Hoffnung

Flutopfer suchen Halt an einem Baum

Worauf hoffen Sie? Dass das Leben glückt? Dass die Beziehung hält? Dass sich die Freundschaft bewährt? Dass ein geliebter Mensch am Leben bleibt? Dass Sie im Lotto gewinnen? Dass Ihr Lieblingsverein nicht absteigt? Dass Sie die Krankheit überwinden und genesen? Dass noch nicht alles verloren ist?

Was gibt Ihnen Hoffnung? Und was macht sie stark? Ist nicht viel Anlass zur Hoffnungslosigkeit? "Kann man die Hoffnung behalten", fragt jemand, "wenn das Leben sich immer mehr als uneinsichtig erweist?" Und tatsächlich erfahren wir so vieles, was es schädigt und schändet: Krieg und Katastrophen, Armut, Hunger und Ungerechtigkeit. Wo wir doch so große Wünsche an das Leben haben.

Hoffnung. Sie ist die Mutter unserer Sehnsüchte. Sie ist mal vermessen und mal begründet, mal nüchtern und mal banal. Sie reicht von zuversichtlicher Erwartung bis zu unbeirrbarem Ausharren. Heiterkeit, Geduld und Zuverlässigkeit sind ihre Gefährtinnen. Mit ihr kommt die Zukunft in die Gegenwart. Sie ist am Gelingen interessiert. Und sie begegnet uns in mancherlei Gestalt: in einem Tor oder einem Licht, einem Baum oder einem Wort.

Die Hoffnung stirbt zuletzt, weiß der Volksmund. Aber wo Hoffnung ist, ist immer auch Furcht. Wenn sie sich als Illusion erweist, wenn sie zerbricht, bleibt ein zermürbter Mensch zurück. Wir teilen dann und wann auch die Erfahrung des Dichters William Shakespeare: "Heute sprießen der Hoffnung zarte Knospen, morgen blühen sie, und übermorgen kommt der Frost." Weniger blumig: Wieviel Hoffnung ist nach der politischen Wende in Deutschland der Ernüchterung und Enttäuschung gewichen. Nicht nur, weil die blühenden Landschaften im Osten so zäh wachsen.

Hoffnung? Sie ist mehr: Lebensgrund. Hoffnung ist wie ein Balken im Wasser. Daran klammern wir uns. In der Not. In der Krise. In der Gefahr. In der Angst. Hoffnung bewahrt uns vor der Verzweiflung. Sie hält uns über Wasser. Buchstäblich. Die Bilder der Menschen in Mosambik, die vor den Fluten auf die Reste einer Brücke flüchten und auf den rettenden Hubschrauber warten, sind uns noch eindrücklich vor Augen.

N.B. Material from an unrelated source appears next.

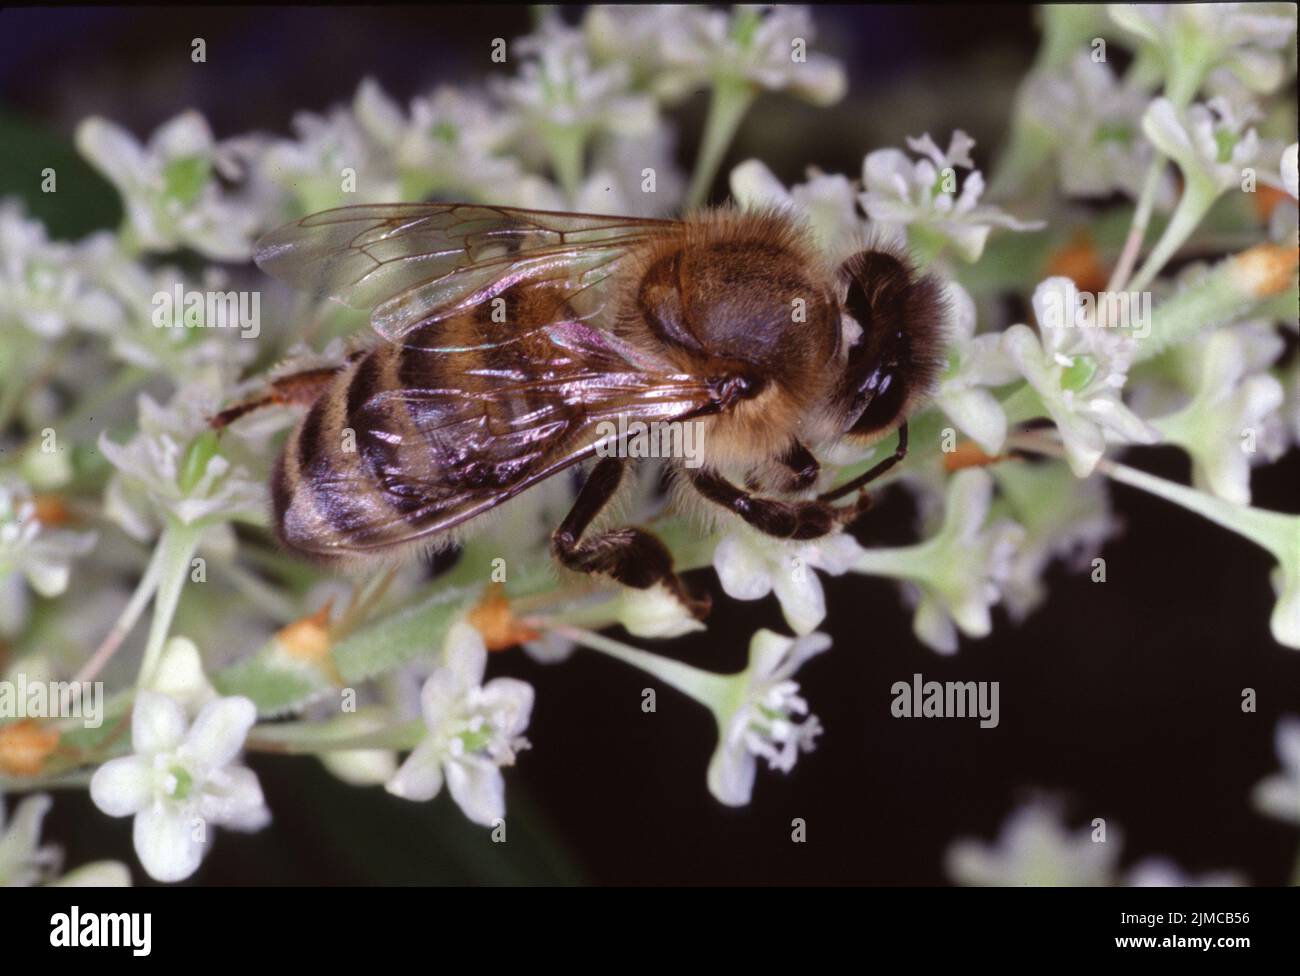 Bee, Apis, Blossom, Nectar, Honey, Thuringia, Germany, Europe Stock Photo

Der Mensch lebt, solange er hofft. "Wenn die Wurzeln nicht vertrocknet sind, ist der Baum noch nicht tot", weiß der Dalai Lama, das geistliche und weltliche Oberhaupt der Tibeter. Hoffen heißt, "der Wirklichkeit nicht die Schleppe nachtragen, sondern die Fackel voran", meint der Theologe Jürgen Moltmann. “Meine Hoffnung steckt in meinen Beinen und in meinem Hintern", wird der amerikanische Jesuit Daniel Berrigan, der als Friedensaktivist zur Zeit des Vietnamkrieges wegen Sabotage lange im Gefängnis saß, sehr plastisch. Soll heißen: Man darf mit dem guten Ausgang einer Sache nur rechnen, wenn man anfängt, dafür zu arbeiten. Wer also hofft, findet sich nicht ab. Nimmt nicht hin, was ist und wie es ist. Nimmt Grenzen wahr, um sie zu überschreiten.

Die Hoffnung der Christen gründet in der Verkündigung des kommenden Reiches Gottes, wie immer sich dieses ausnehmen mag, und überwindet Angst und Tod. Kreuz und Auferstehung sind Symbole dafür. “Von daher ist christliche Hoffnung nach vorn gerichtet", schreibt Matthias Krieg, “nicht auf ,Erlösung in ein ,goldenes Zeitalter hinein, wie Ideologien es sich zu erträumen pflegen, sondern auf ,Versöhnung mit der Wirklichkeit. Dazu gehört der Glaube, dass Gott mitten im Wirklichen möglich ist: gestaltend, verändernd, liebend."